Running Plans

Monitor agent sessions, handle failures, merge results, and manage worktrees.

Monitoring with tmux

By default, workbench runs agents in tmux sessions for live monitoring. You can attach to any agent session to watch it work:

tmux attach -t wb-task-1-implementor
tmux attach -t wb-task-2-tester

Sessions are named wb-task-<N>-<role> where role is one of implementor, tester, reviewer, fixer, or merger.

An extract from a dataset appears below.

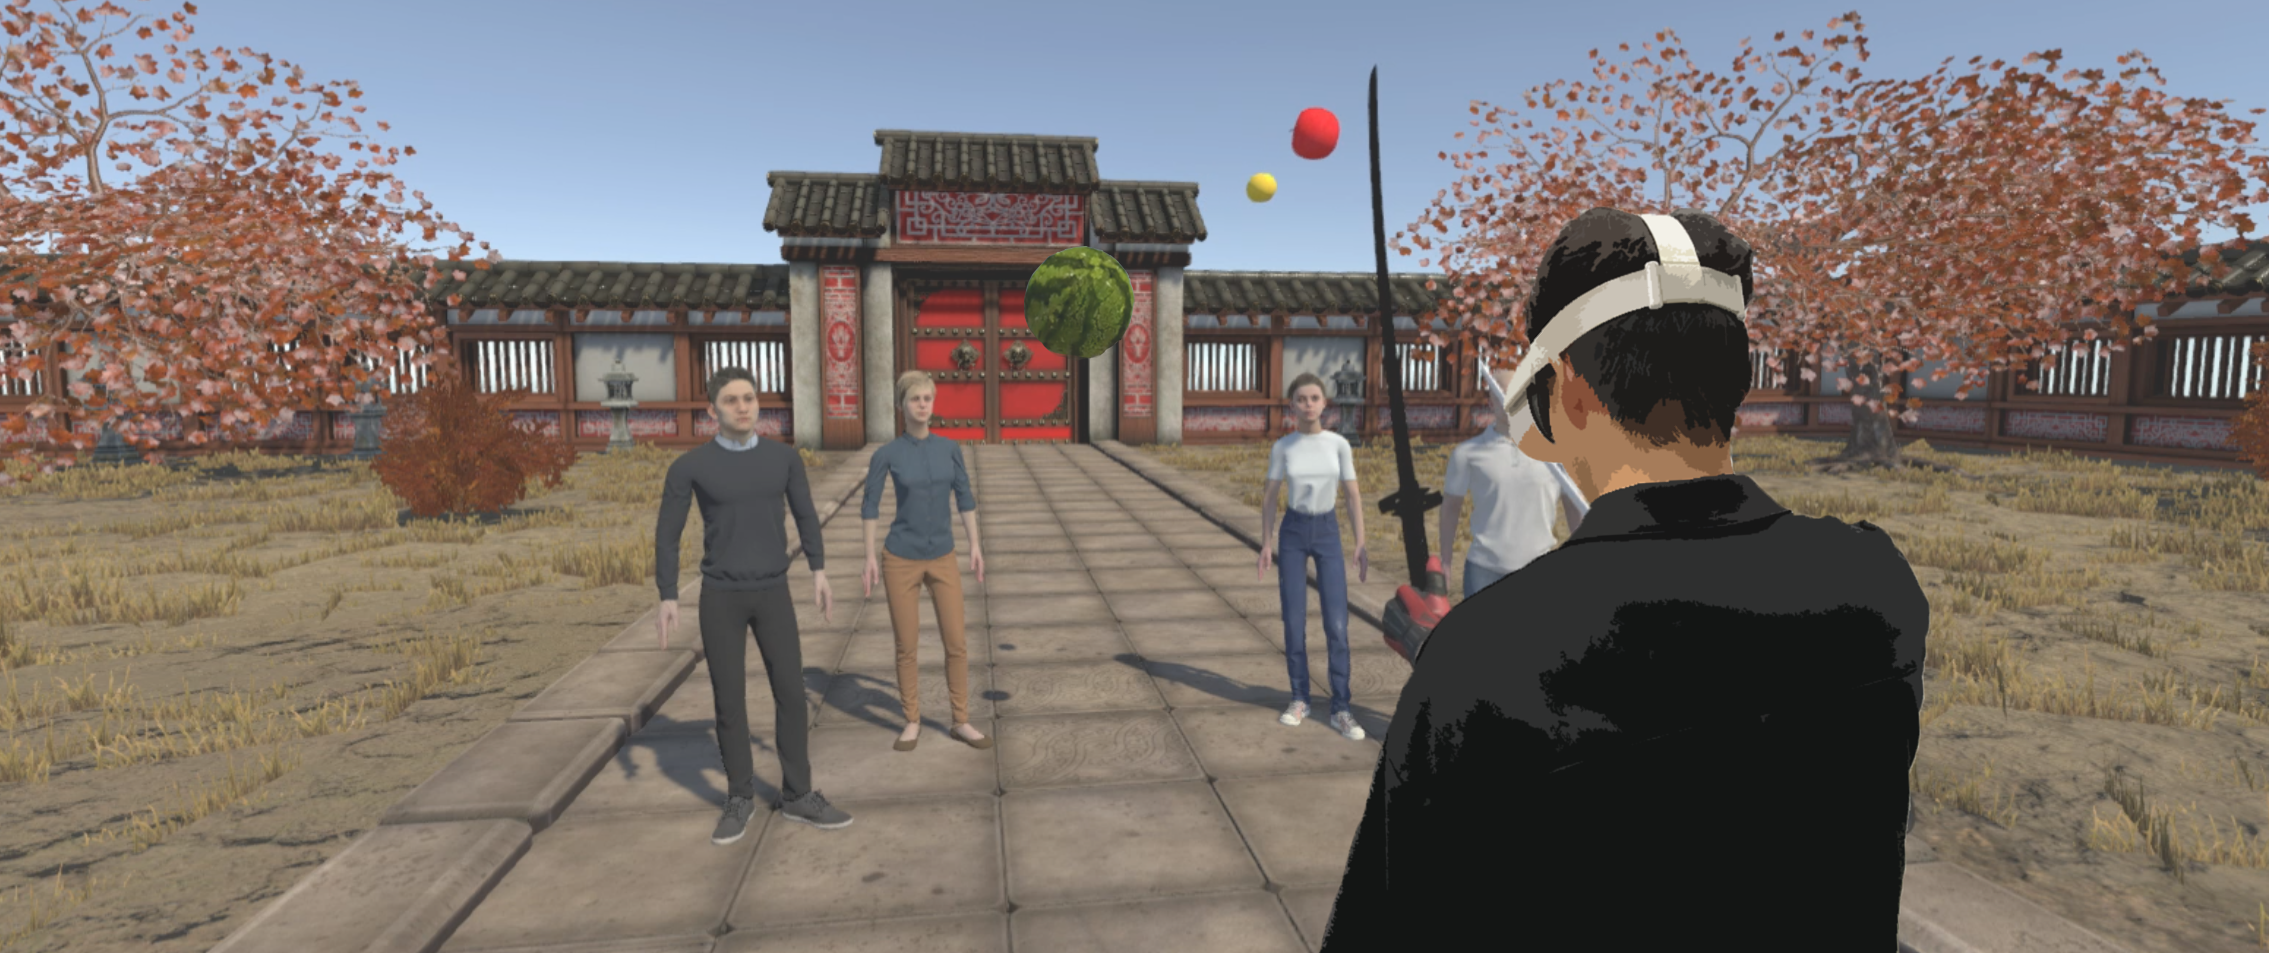 Image of the game environment displayed in a third person perspective with 4 friends model stnading in front of the player.

To run without tmux, use the --no-tmux flag:

wb run plan.md --no-tmux

This runs agents as subprocesses instead. Output is still captured but you can't attach to individual sessions.

Selective Execution

Plans don't have to run end-to-end. Workbench can target individual waves, ranges, or specific tasks. Most of these commands accept a plan name (the folder slug under .workbench/) in place of a path — wb run myplan resolves to .workbench/myplan/plan.md.

Wave subsets

# Run only wave 2
wb run myplan -w 2
 
# Run a contiguous range of waves
wb run myplan --start-wave 2 --end-wave 4
 
# Start from wave 3 and run through the end
wb run myplan --start-wave 3

Task subsets

# Single task by id
wb run myplan --task task-2
 
# Multiple tasks (flag repeats)
wb run myplan --task task-1 --task task-3
 
# Match by slug (lowercased task title)
wb run myplan --task add-jwt-auth

--task accepts task IDs or slugs and is repeatable. Only the named tasks run; the rest of the plan is skipped.

Skip completed tasks

wb run myplan -b workbench-1 --only-incomplete

--only-incomplete reads the session's status file and skips any task that already finished. It requires -b to specify which session branch to continue.

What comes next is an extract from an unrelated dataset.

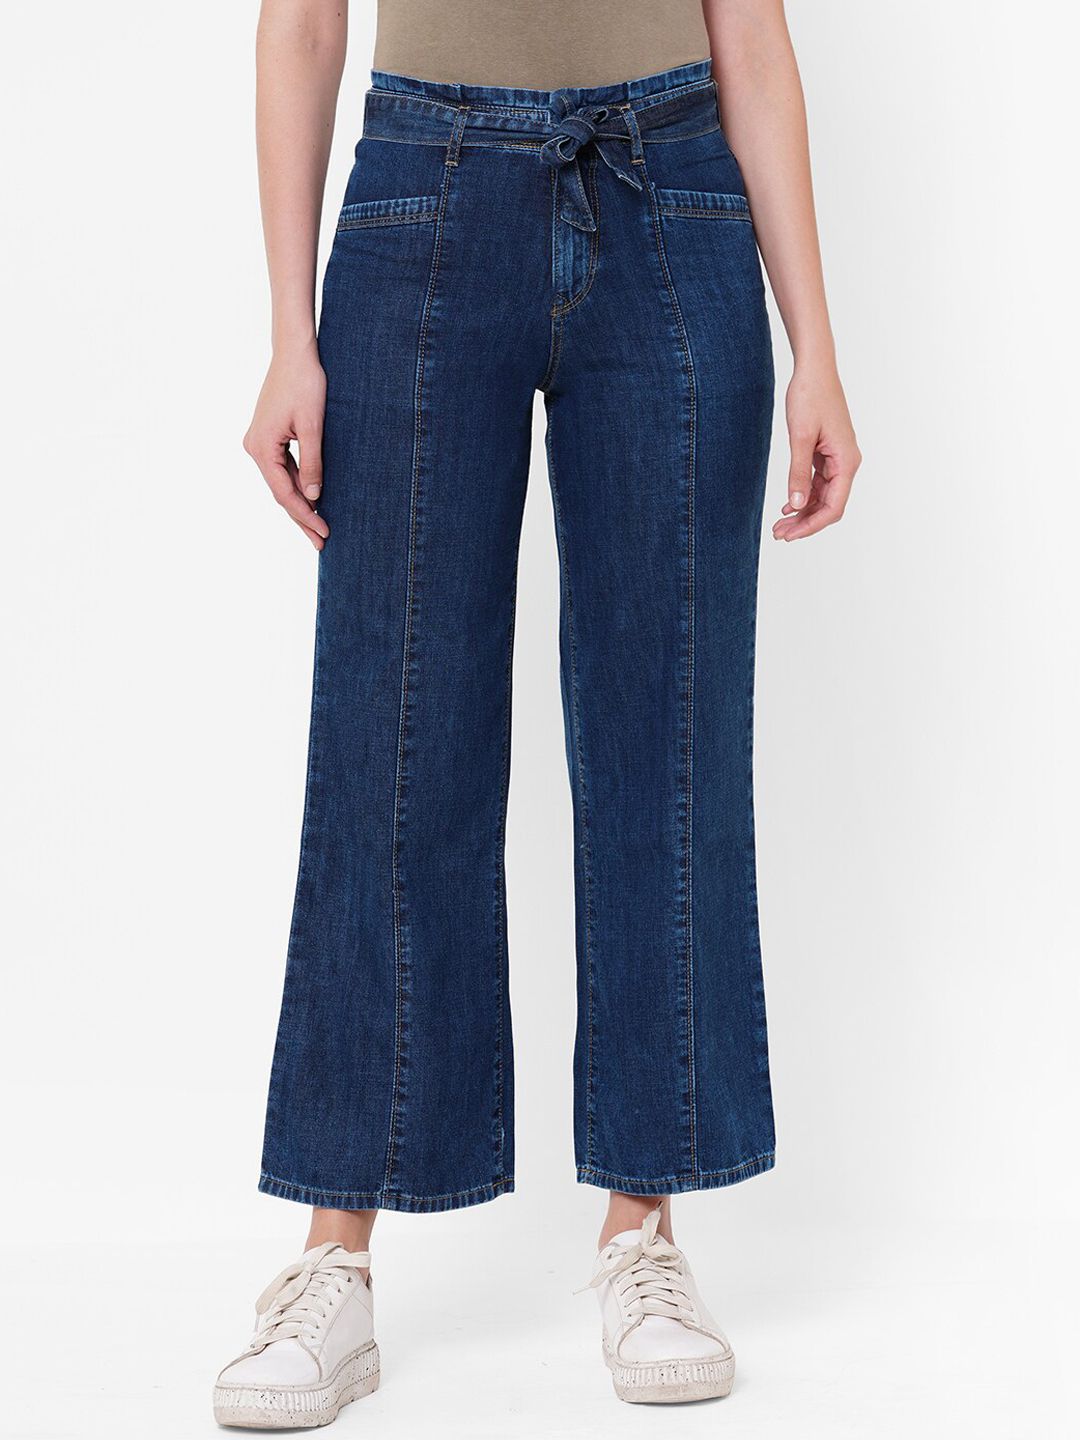 Kraus Jeans Blue Wide Leg High-Rise Cotton Jeans Price in India

See CLI Reference for the full list of flags that wb run accepts.

Handling Failures

If some tasks fail, you have several options:

Resume a session

The easiest way to resume an interrupted or partially-failed session:

wb resume workbench-1

This looks up the session in .workbench/<plan>/status.yaml (legacy .workbench/status-*.yaml is still read), finds the original plan, and re-runs every task that isn't done + merged — including tasks that failed and tasks that never started. Each task resumes from its last successfully completed pipeline stage rather than starting the full pipeline over.

For finer control (wave ranges, directive overrides, selective tasks), pair -b <session> with wb run flags directly:

# Same effect as wb resume, but lets you override flags
wb run plan.md -b workbench-1 --only-incomplete
 
# Continue an existing session from a specific wave
wb run plan.md -b workbench-1 --start-wave 3
 
# Retry only the tasks that crashed
wb run plan.md -b workbench-1 --retry-failed

Retry failed tasks

# Auto-retry tasks that crashed (not those that exhausted fix retries)
wb run plan.md --retry-failed
 
# Stop immediately if any task in a wave fails
wb run plan.md --fail-fast
 
# Combine: retry crashes, then stop if still failing
wb run plan.md --retry-failed --fail-fast

--retry-failed distinguishes between transient failures (agent crash, timeout) and deliberate failures (exhausted all fix cycles). Only transient failures are retried.

When retrying, workbench resumes each task from its last successfully completed pipeline stage rather than starting the full pipeline over. For example, if a task finished implement and test but crashed during review, the retry picks up at review — skipping the stages already done. This uses the existing worktree and branch from the prior run. Workbench falls back to a clean start if the worktree no longer exists (e.g., after wb clean). For TDD tasks, workbench only reuses the existing branch when both TDD phases (write-failing-tests and implement) completed in the prior run — a partial implement stage may have left broken commits, so workbench falls back to a clean start to give the TDD implementor a reliable baseline.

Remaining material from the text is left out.